__Exercise directions__: The listing below is to be duplicated exactly, with every picture omitted.
*** Data to examine Section Begins ***
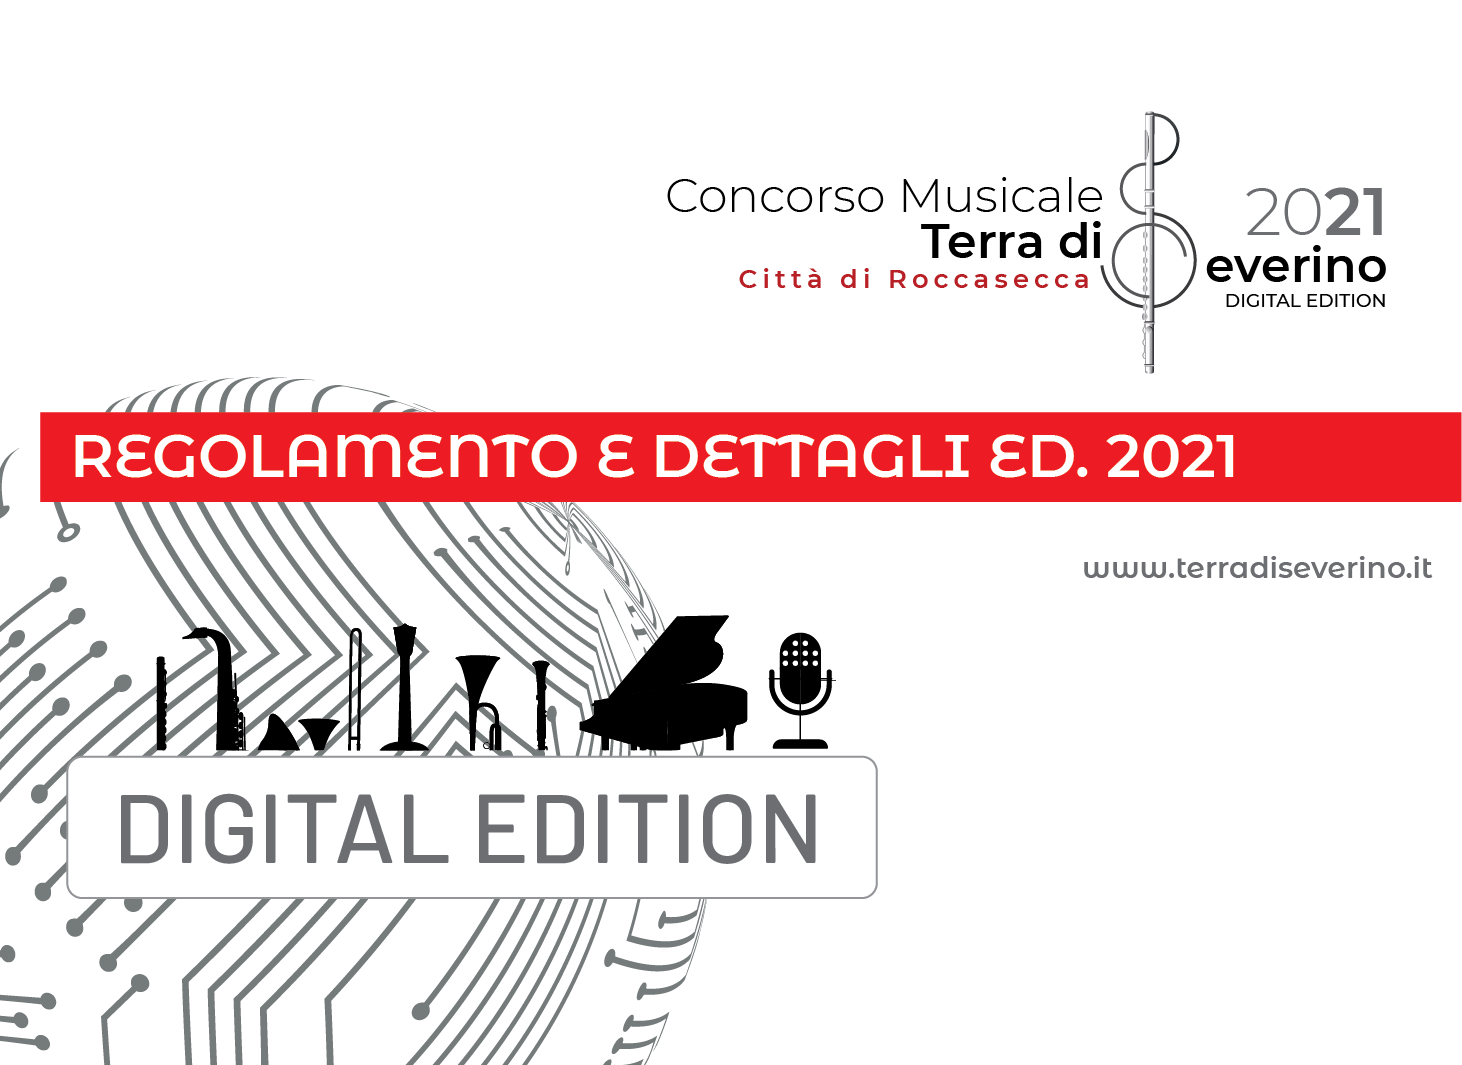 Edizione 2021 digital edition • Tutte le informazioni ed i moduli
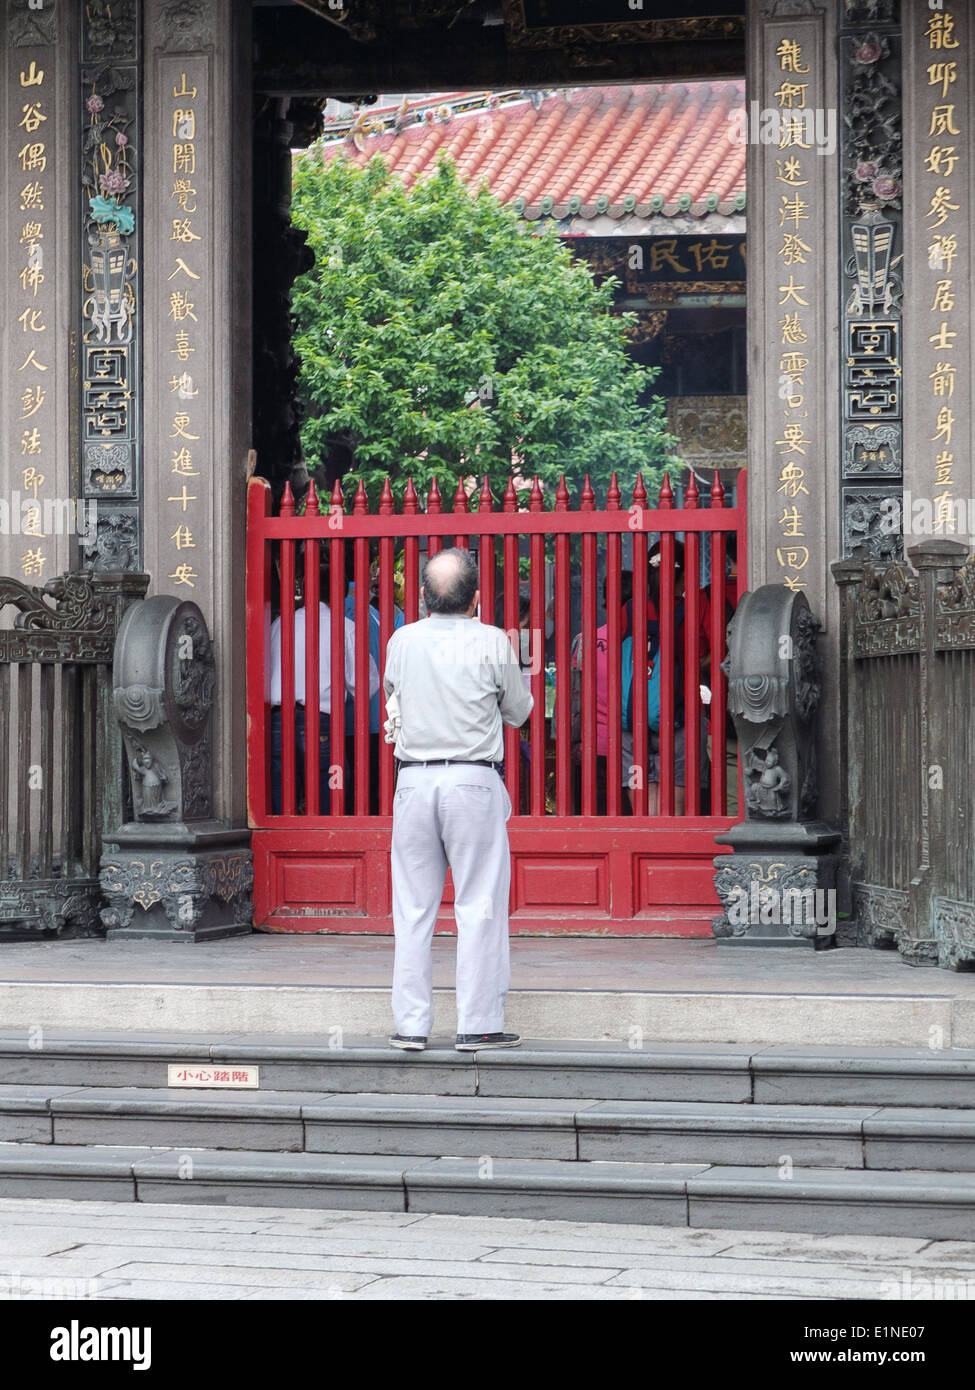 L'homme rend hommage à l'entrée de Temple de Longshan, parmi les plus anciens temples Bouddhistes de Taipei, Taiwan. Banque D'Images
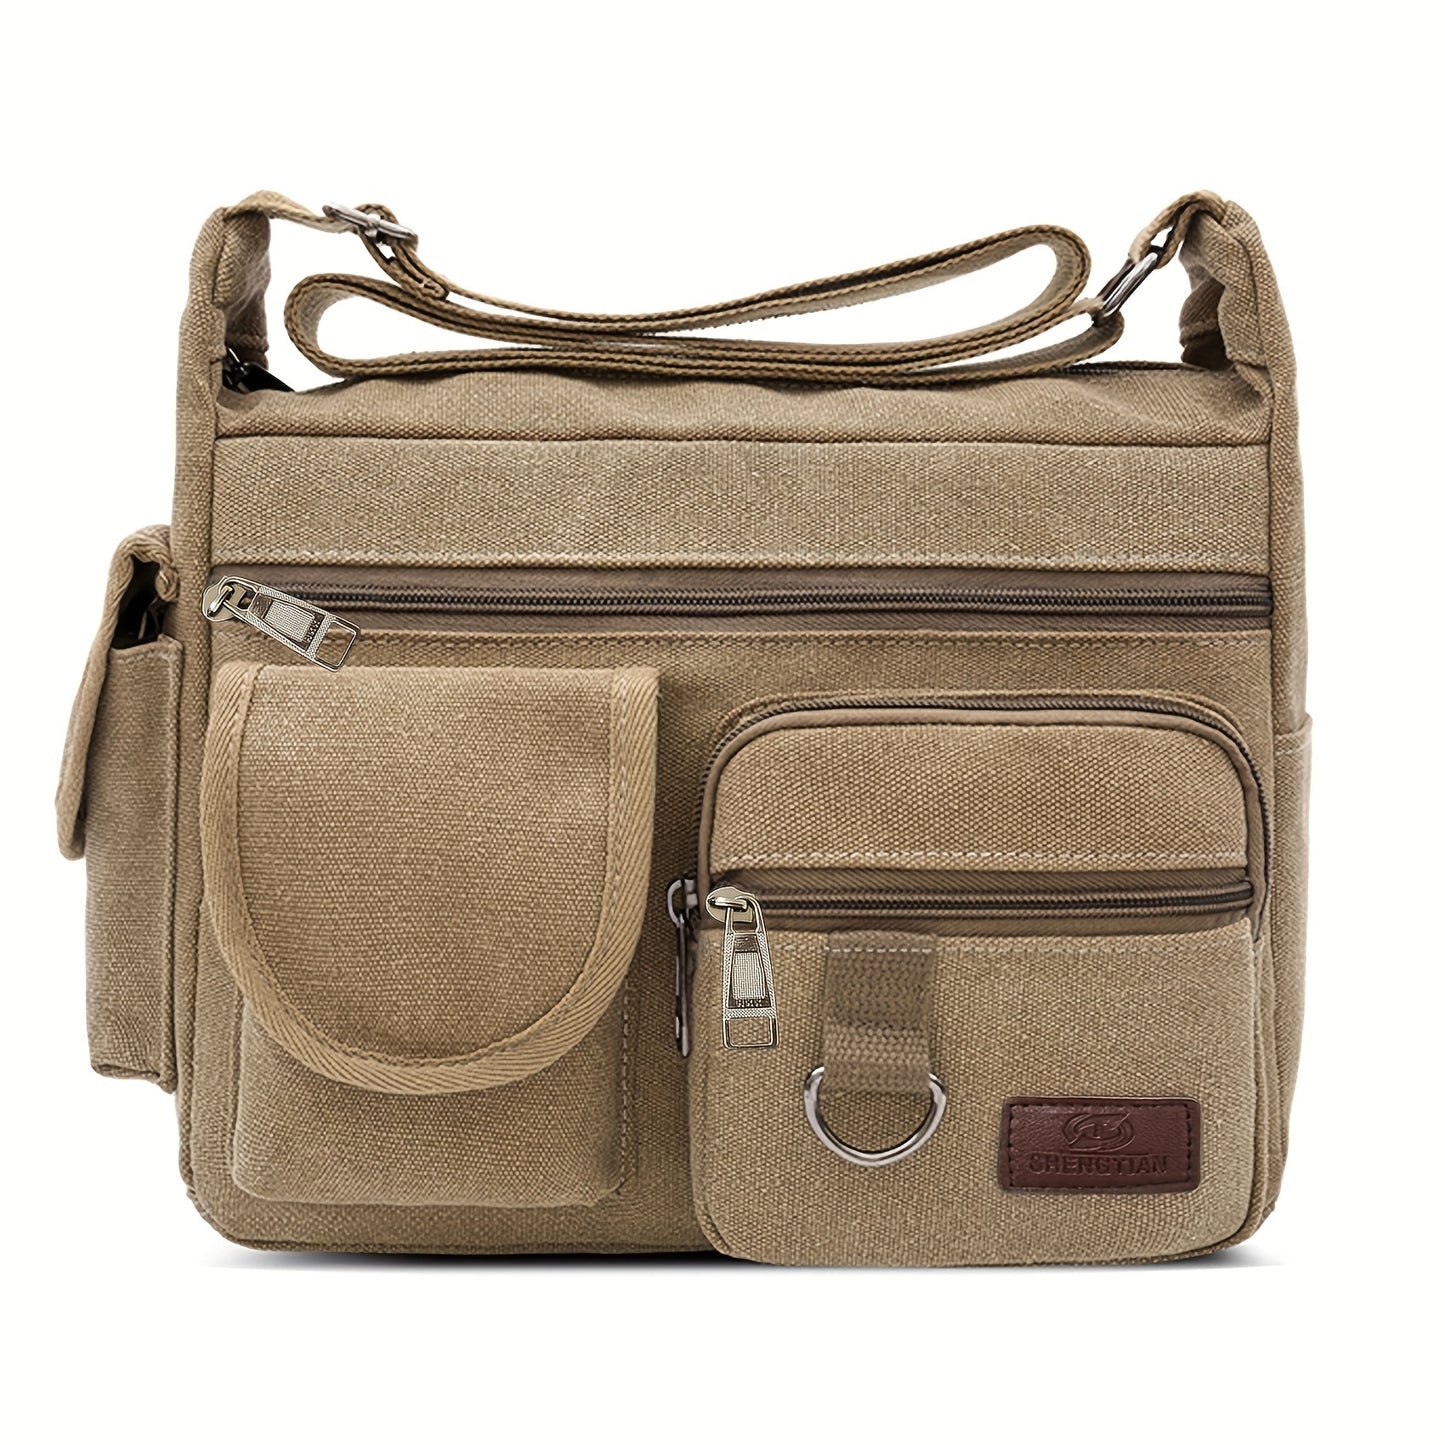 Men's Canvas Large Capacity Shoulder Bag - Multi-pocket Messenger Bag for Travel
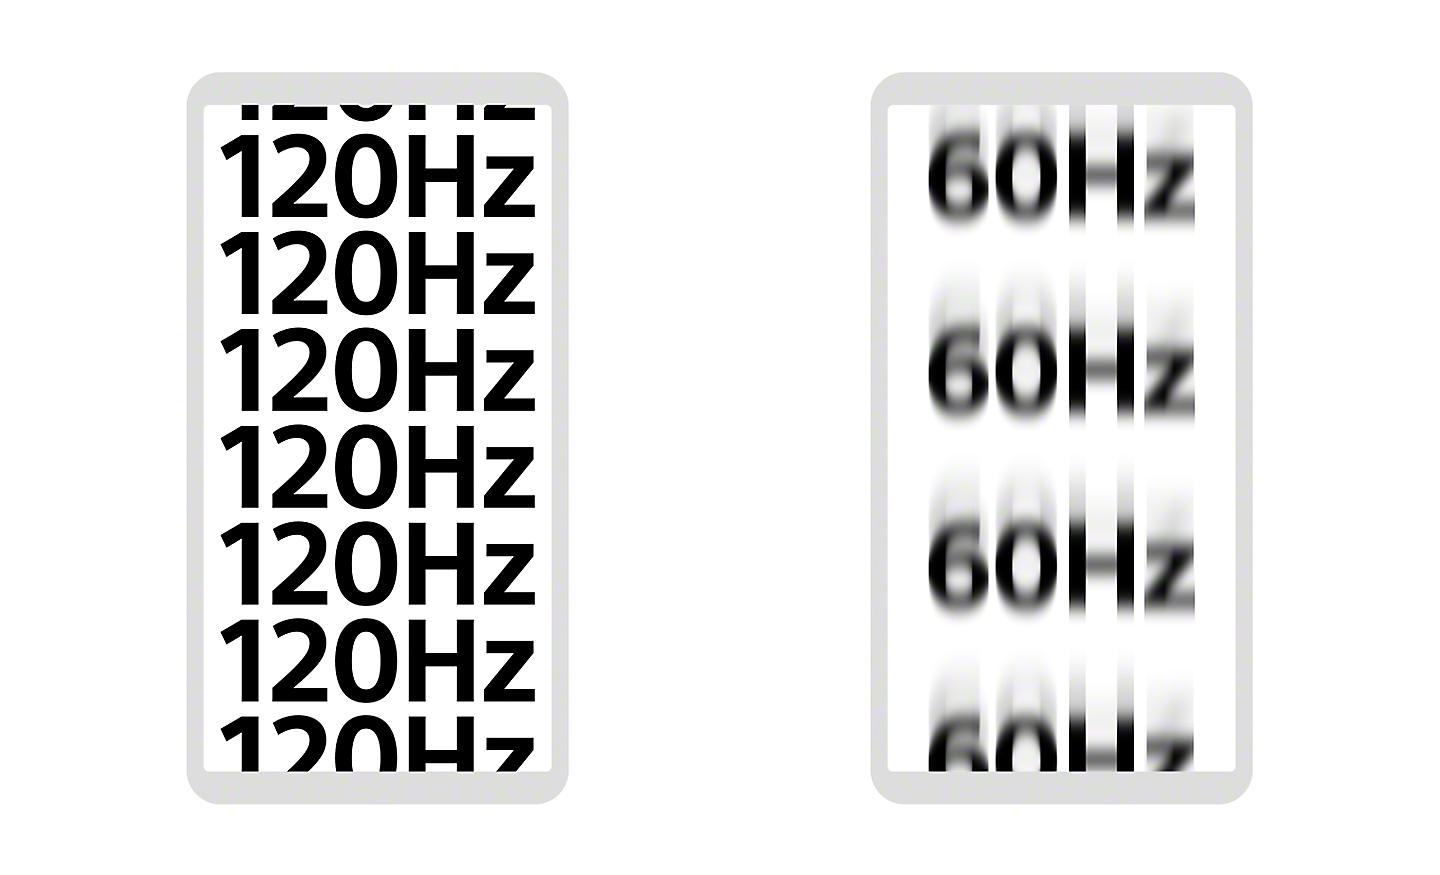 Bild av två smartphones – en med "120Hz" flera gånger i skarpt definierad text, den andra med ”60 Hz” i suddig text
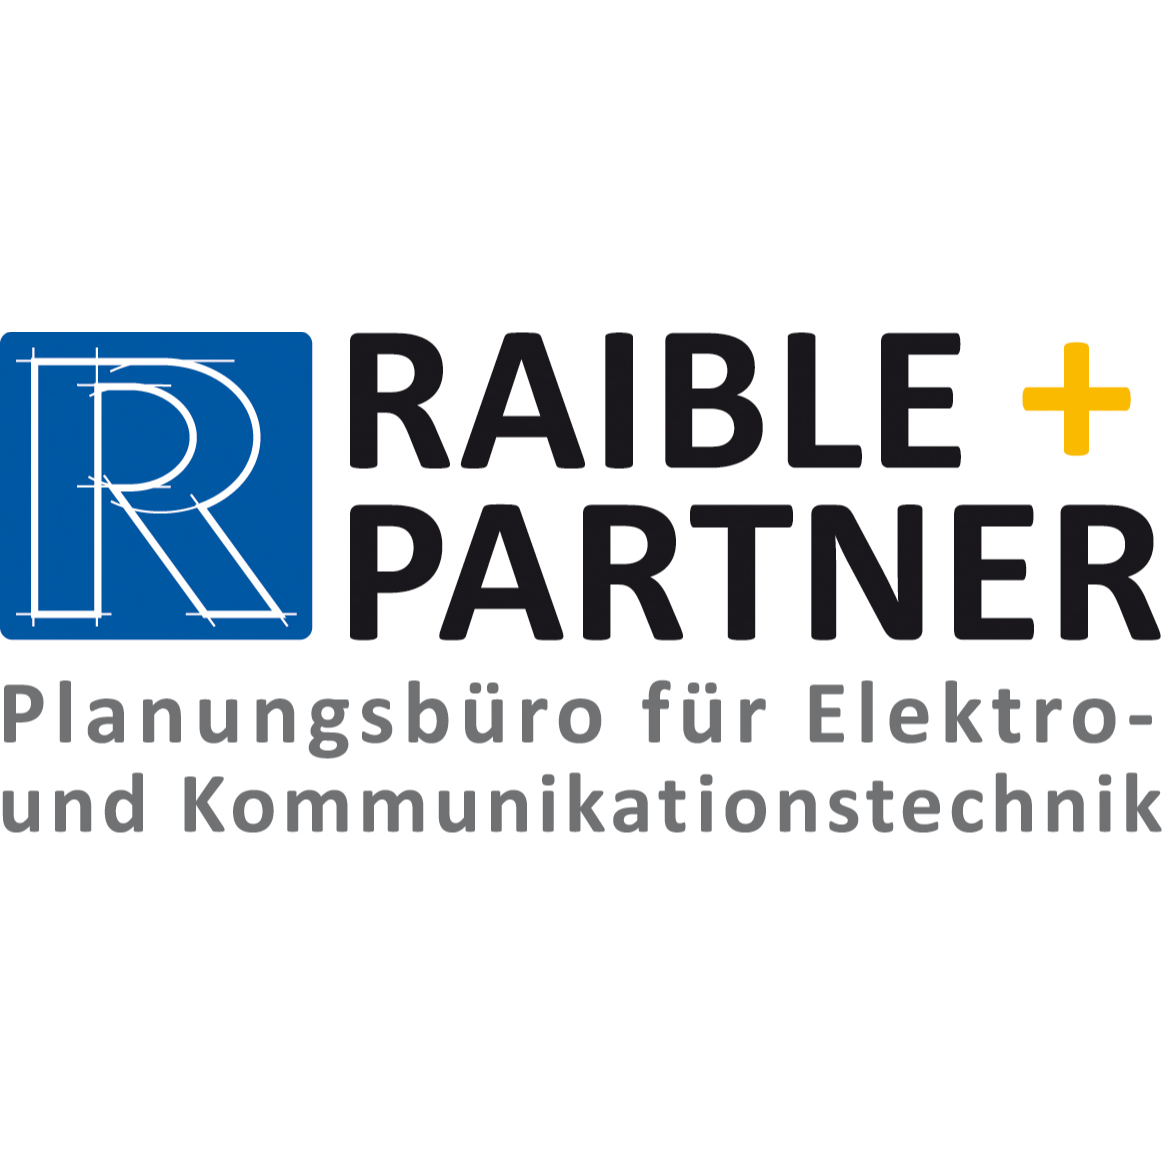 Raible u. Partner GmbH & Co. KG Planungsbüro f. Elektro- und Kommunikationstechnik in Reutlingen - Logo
*** Data to examine Section Ends ***
__Answer for this exercise__:
 Edizione 2021 digital edition • Tutte le informazioni ed i moduli
 L'homme rend hommage à l'entrée de Temple de Longshan, parmi les plus anciens temples Bouddhistes de Taipei, Taiwan. Banque D'Images
 Men's Canvas Large Capacity Shoulder Bag - Multi-pocket Messenger Bag for Travel
 Bild av två smartphones – en med "120Hz" flera gånger i skarpt definierad text, den andra med ”60 Hz” i suddig text
 Raible u. Partner GmbH & Co. KG Planungsbüro f. Elektro- und Kommunikationstechnik in Reutlingen - Logo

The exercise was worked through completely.